# Gezondheids Magazine > Nieuwtjes over gezondheid en welzijn >  1 maart 2012: 10e editie Nationale Complimentendag

## Mark



----------


## christel1

Ik doe mee aan de dag van de buren.... maar wanneer die juist valt dat weet ik nu echt niet. Ik volg dit wel in het nieuws dan en een complimentje geven kan je altijd. En ik vind het zo ongezellig als je ergens aan het wandelen bent en je komt iemand tegen dat ze met de neus in de wind voorbij gaan en zelfs nog de moeite niet doen om een goeie dag te zeggen.... ik erger me er dood aan....

----------


## gossie

*Nog 5 minuten te gaan, en het is complimentendag.*

----------


## jolanda27

Ik geef; Suske, Sietske, Elisabeth, Gossie, Dotito, Christel, Raimun, Neetje, Rudolf, Dolfijnjorien, (hoop dat ik niemand vergeten ben) een compliment.
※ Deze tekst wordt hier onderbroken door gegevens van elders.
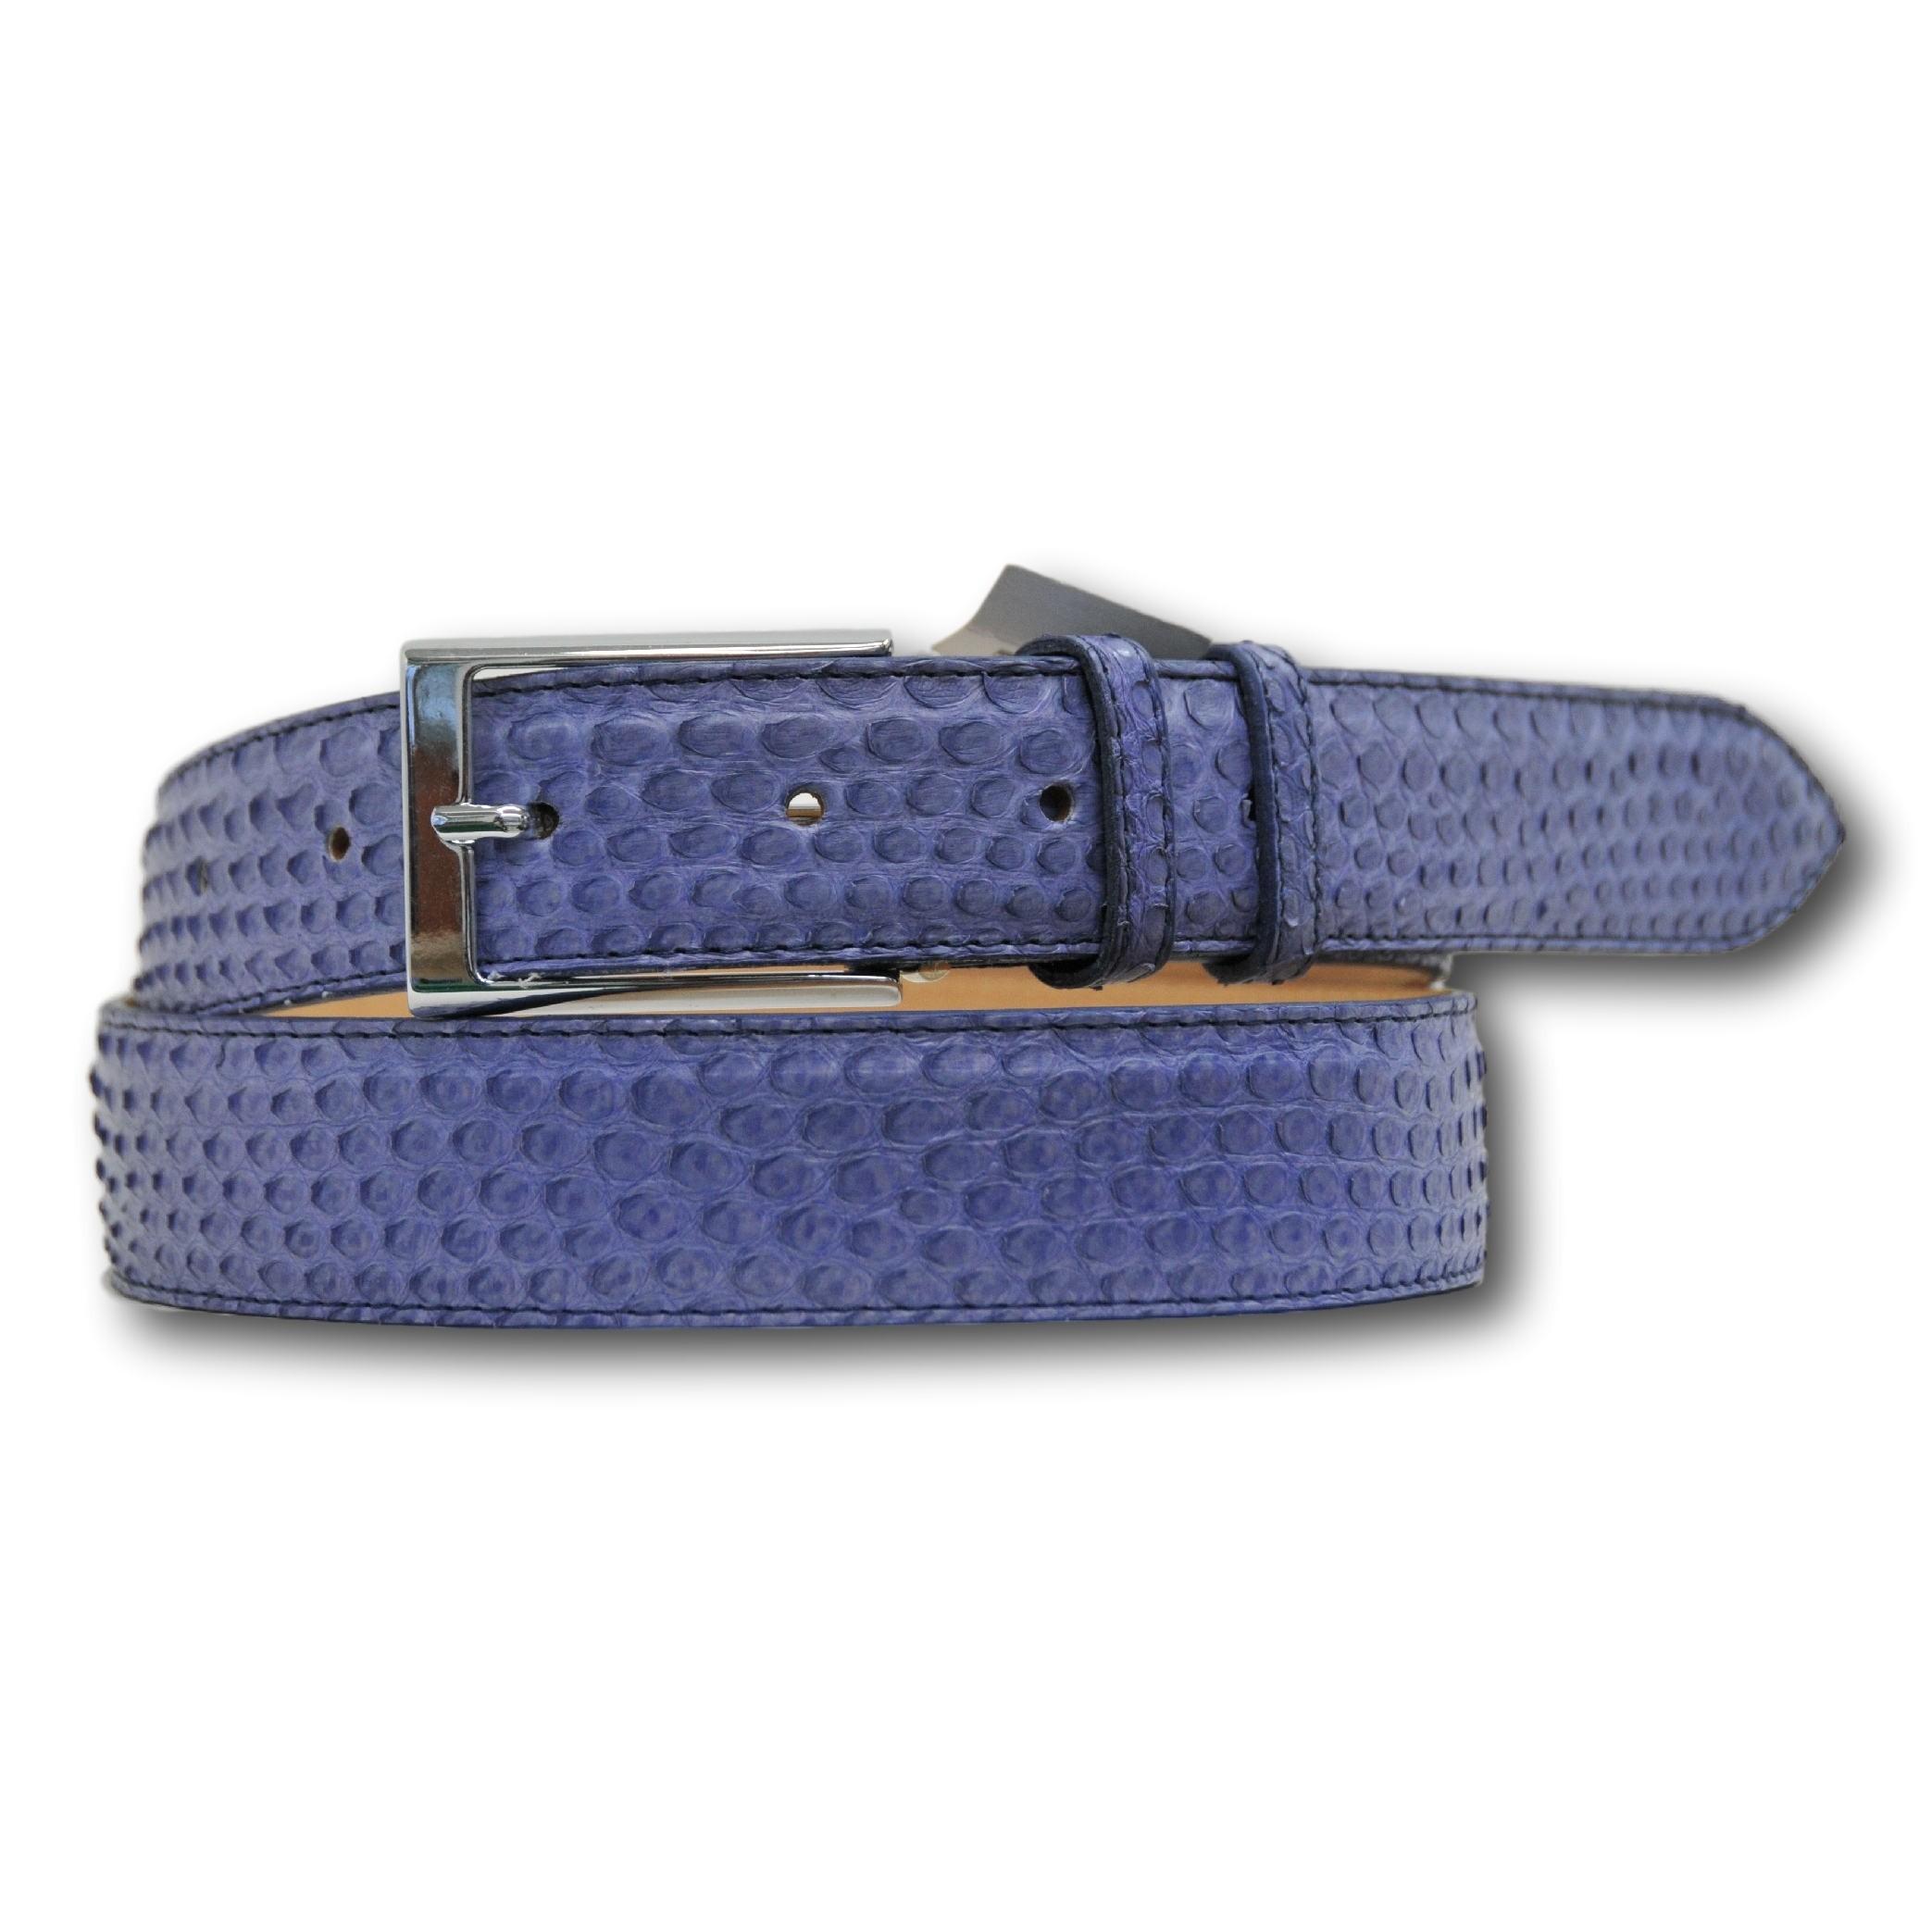 Cintura in vero pitone colore glicine

Mooi hoe iedereen in het leven staat en er op zijn/haar manier mee omgaat. 
Fijn dat wij hier op deze site dit lief en leed met elkaar mogen delen.  :Smile:

----------


## christel1

Ik geef iedereen hier een complimentje voor hun inzet, voor hun vriendschap, gewoon om er te zijn alle dagen voor iedereen en zeker voor hun medeleven, vriendelijk woordje, een smileyke als iemand het niet meer ziet zitten.... dank u allemaal, jullie zijn schatjes allemaal

----------